**PROMPT:**
Would you please return the data below verbatim, without its pictures?

**PROVIDED MATERIAL:**

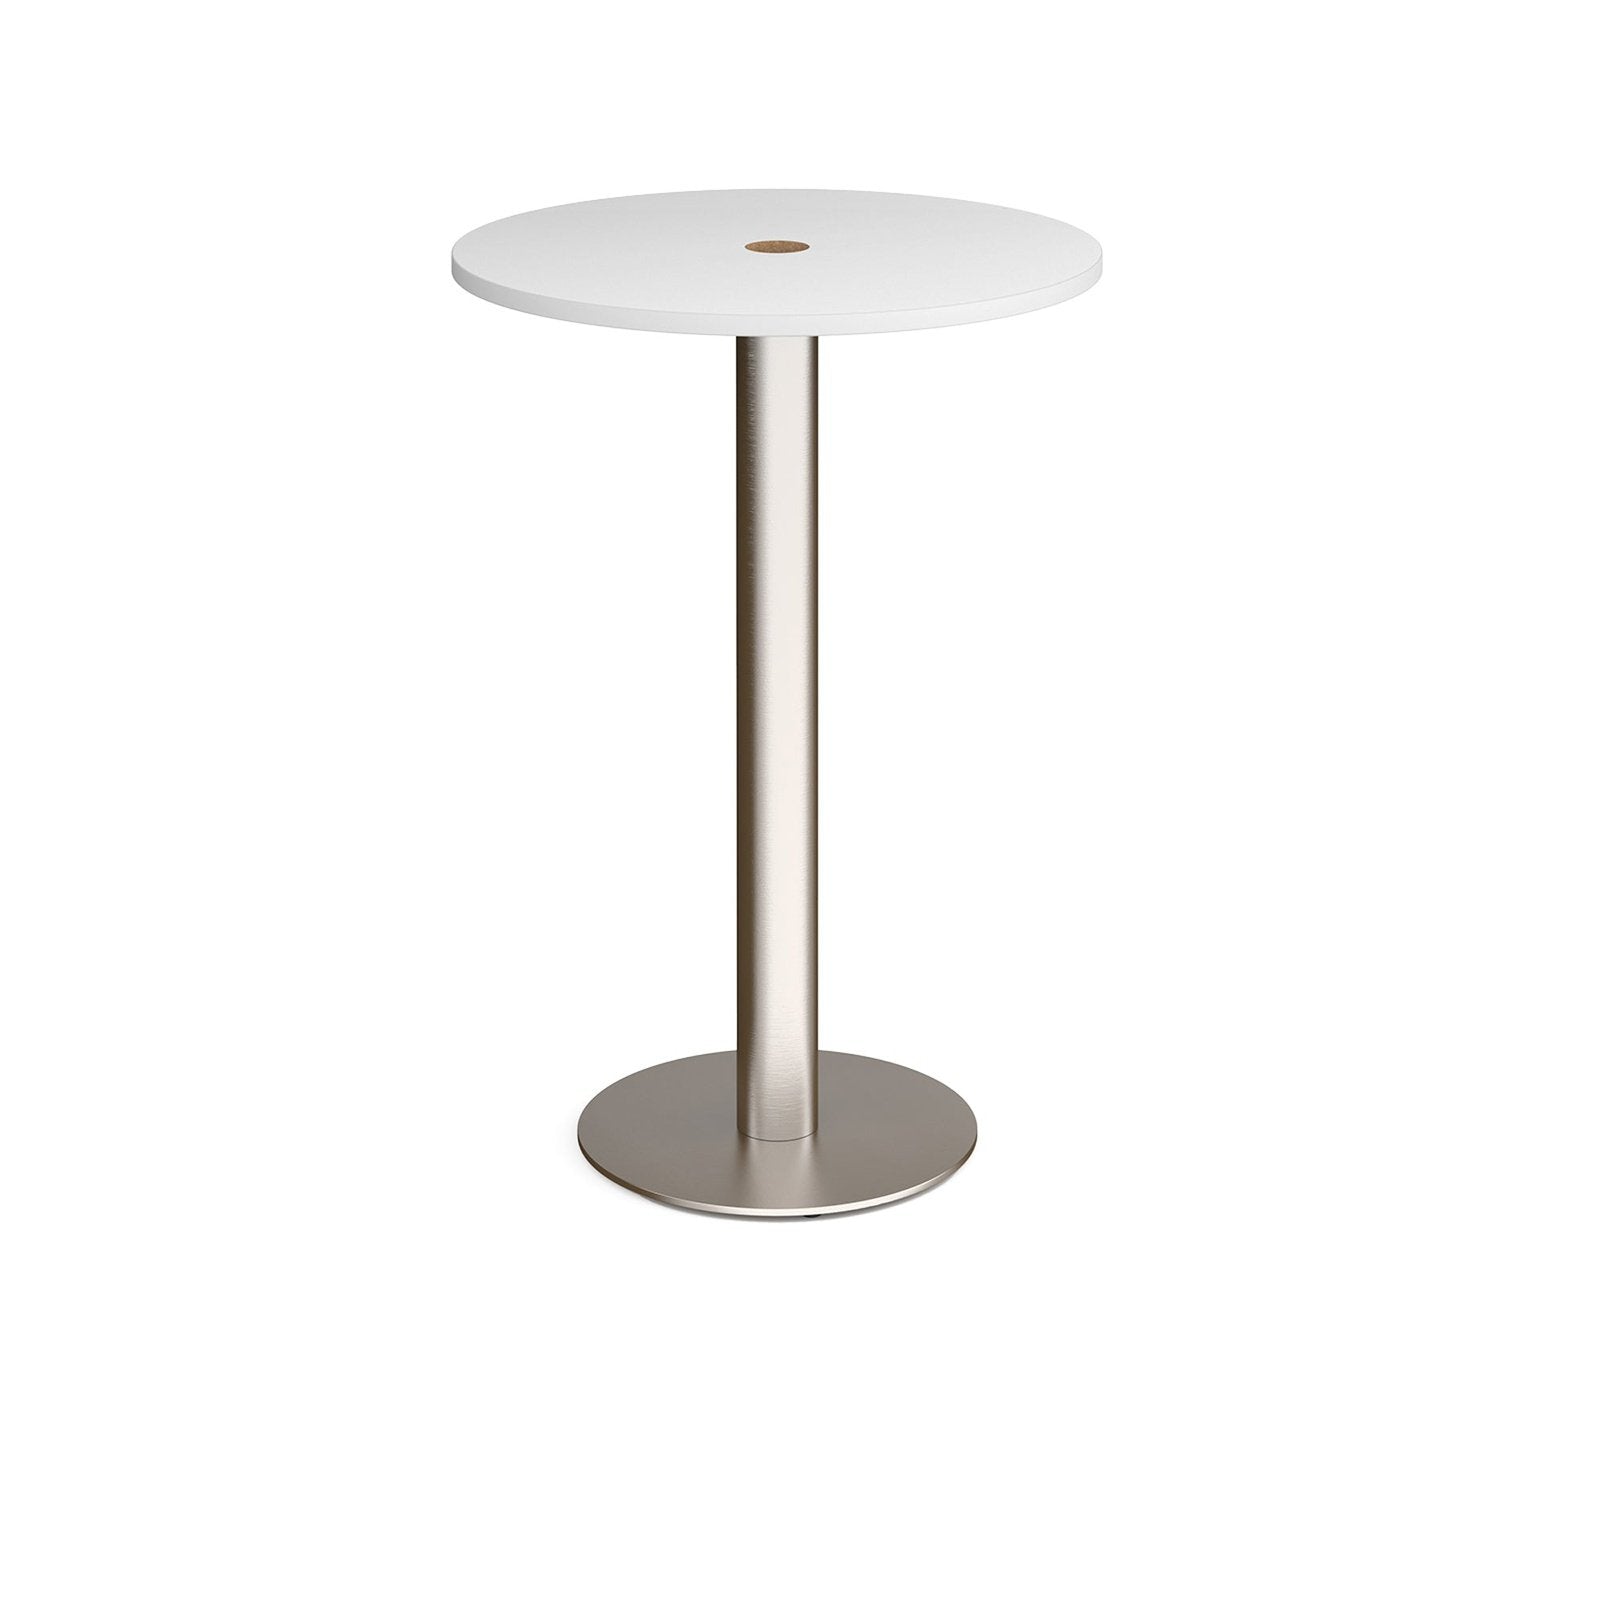 Monza poseur table 800mm with central circular cutout 80mm - Office Products Online
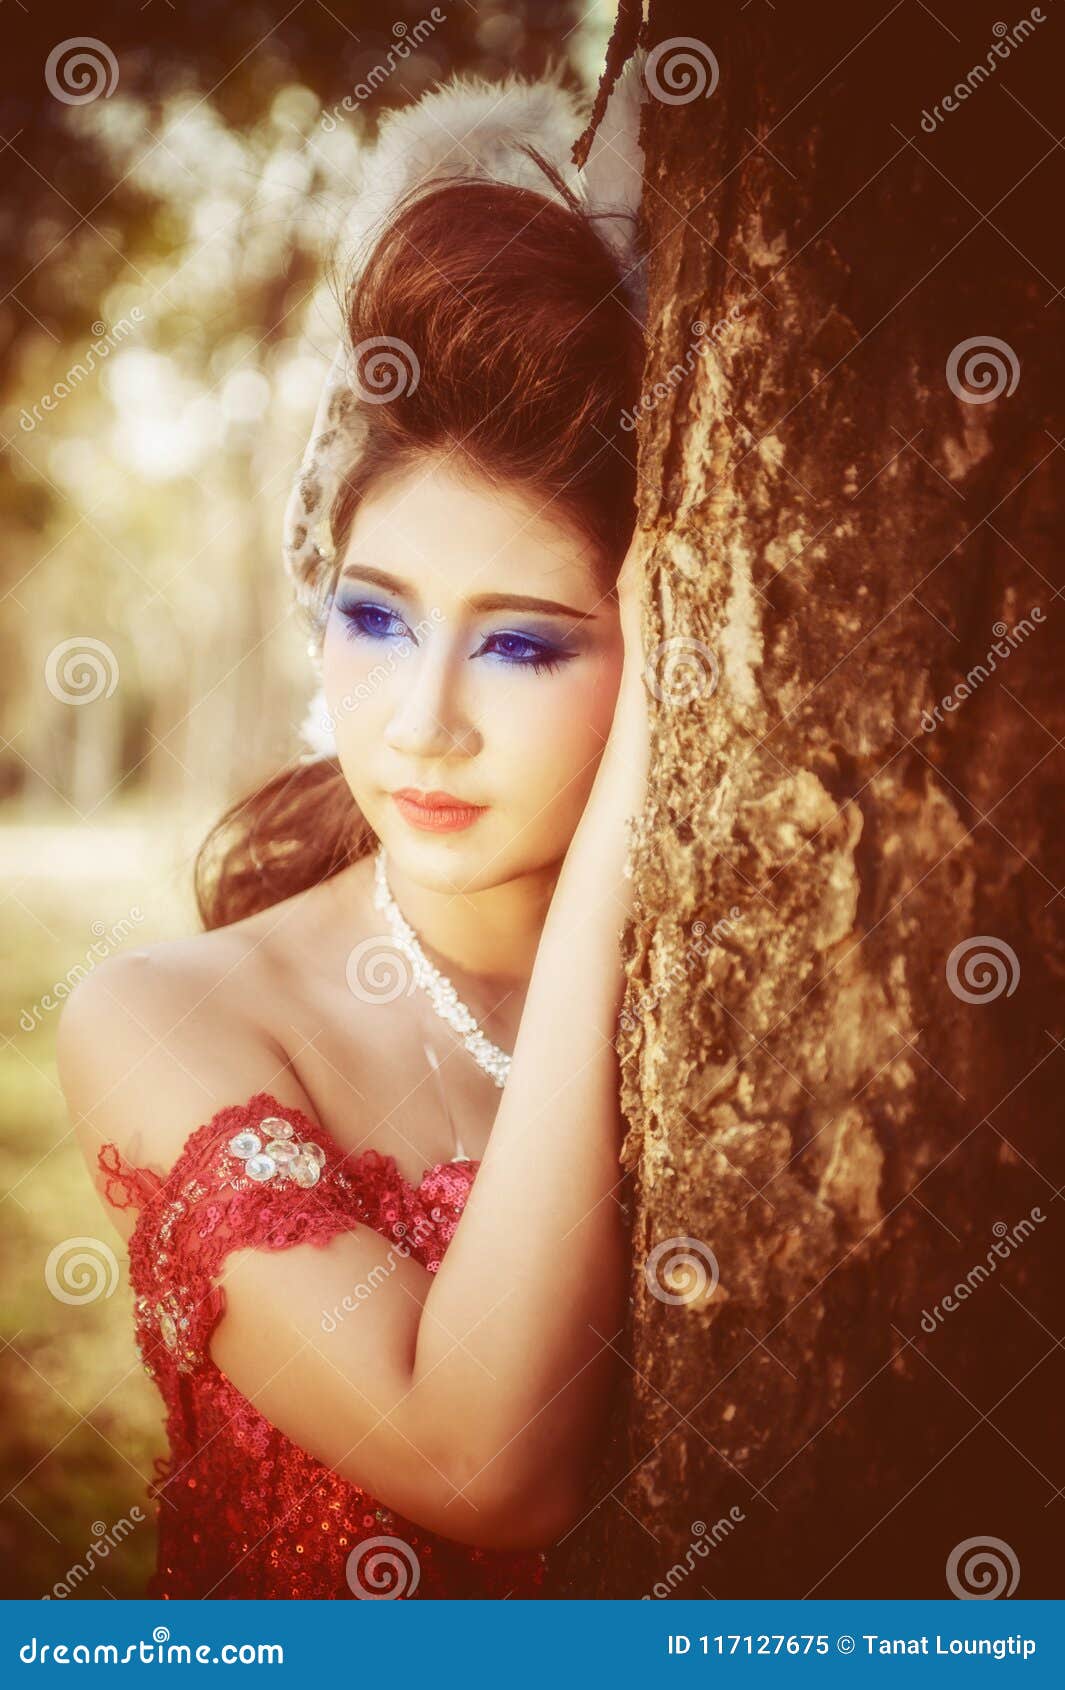 Portrait Of Young Beautiful Woman In Red Dress And Makeup 
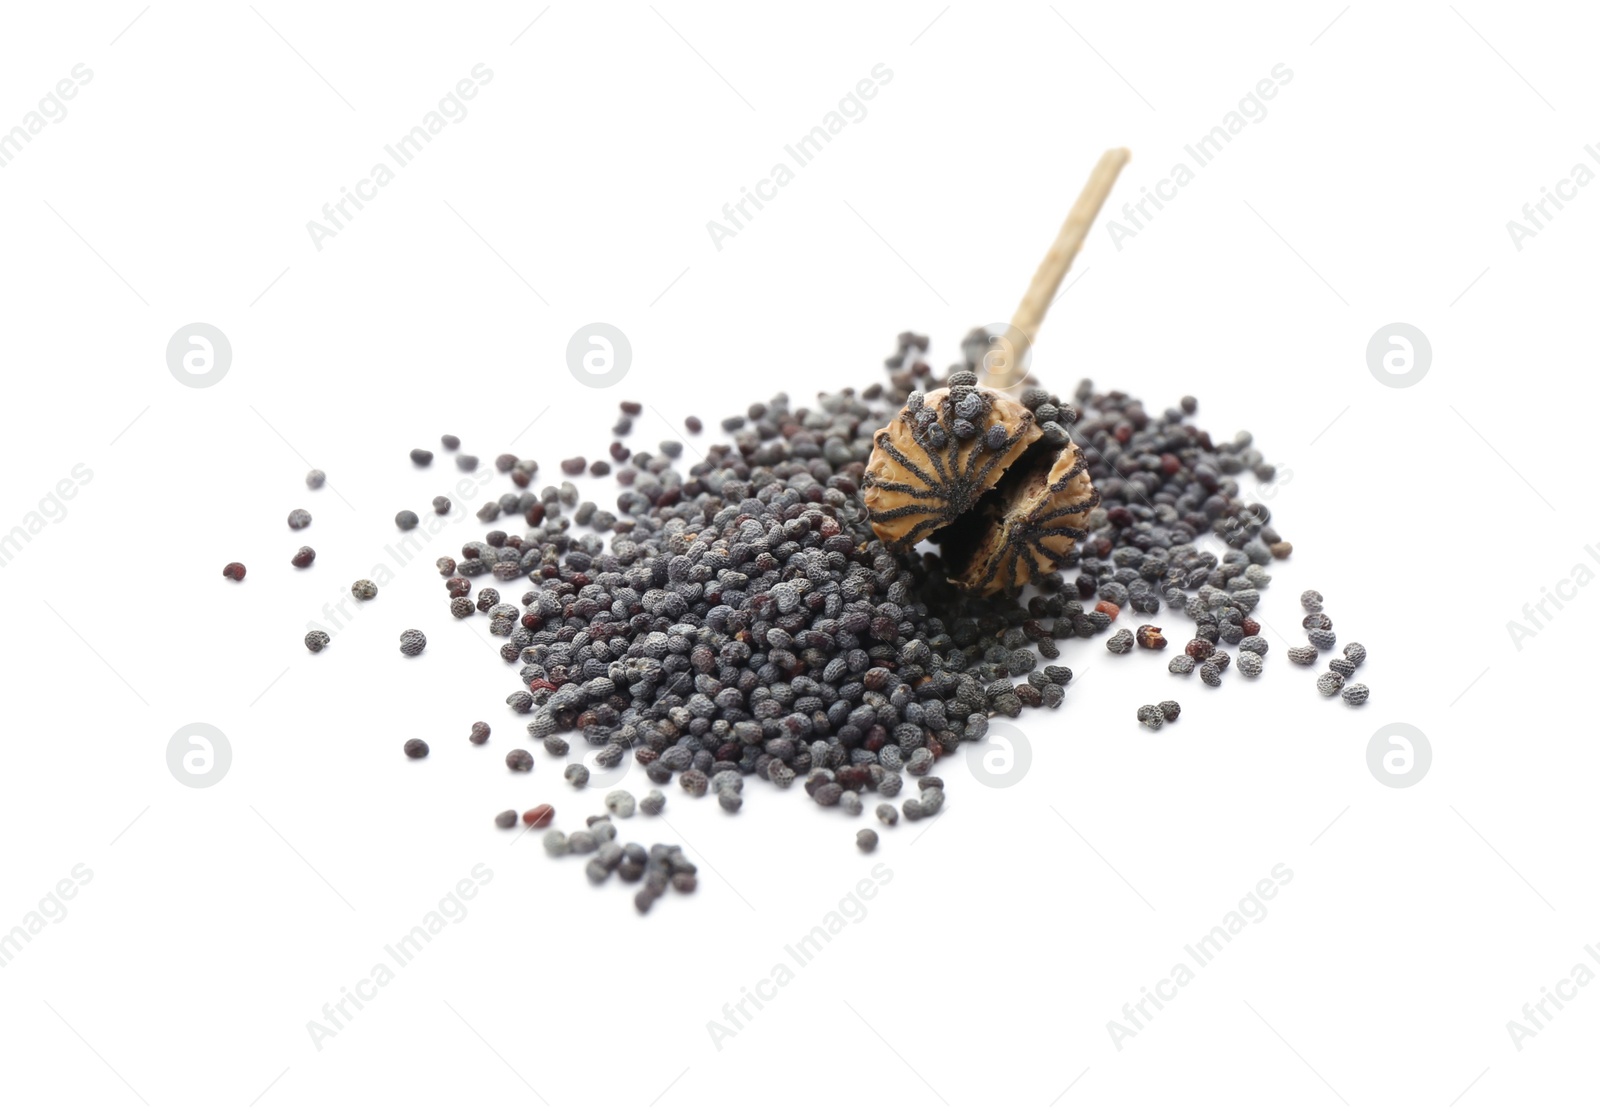 Photo of Dried poppyhead and seeds on white background
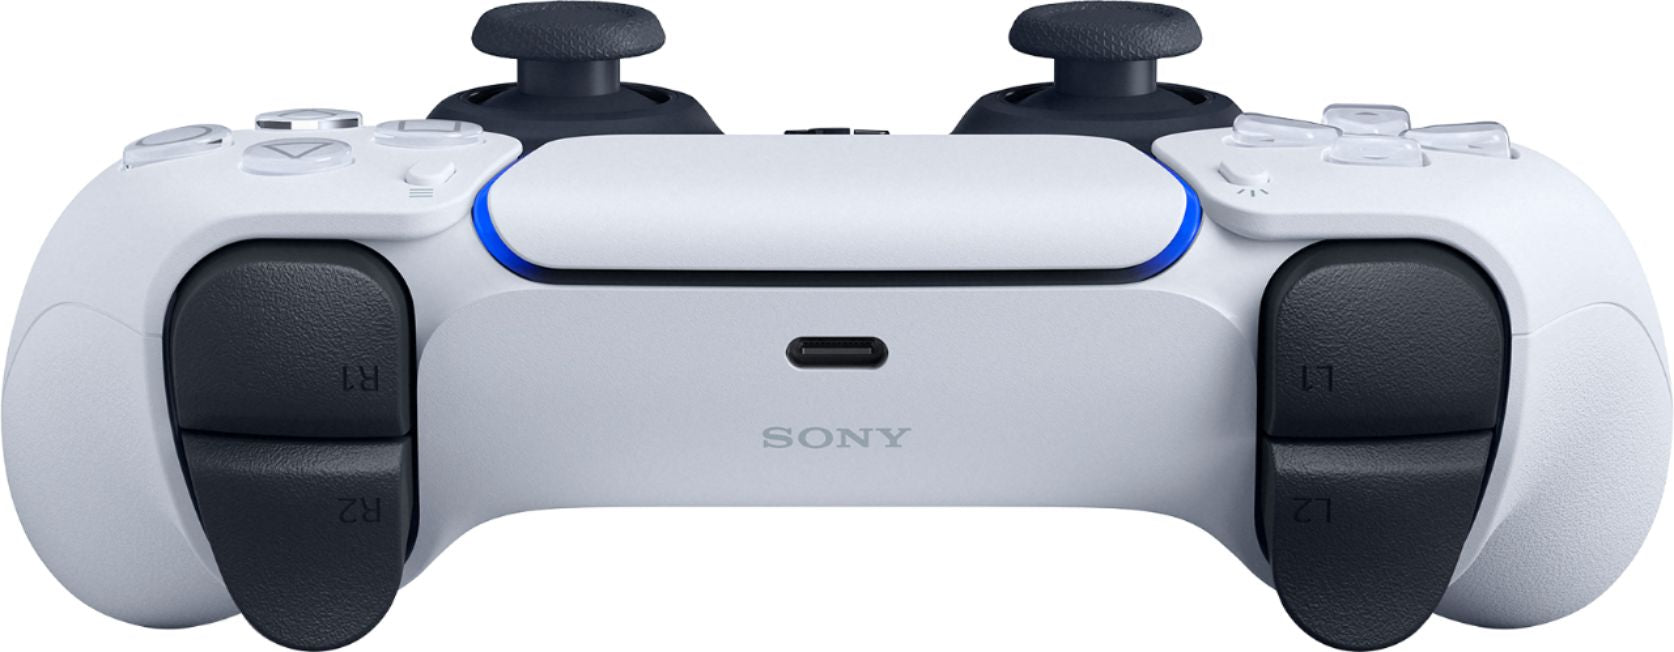 Sony Playstation 5 Digital Edition with Extra DualSense Wireless Controller - Pro-Distributing

**EXERCISE RESPONSE:**
 Monza poseur table 800mm with central circular cutout 80mm - Office Products Online
 Portrait Of Young Beautiful Woman In Red Dress And Makeup 
 Photo of Dried poppyhead and seeds on white background
 Sony Playstation 5 Digital Edition with Extra DualSense Wireless Controller - Pro-Distributing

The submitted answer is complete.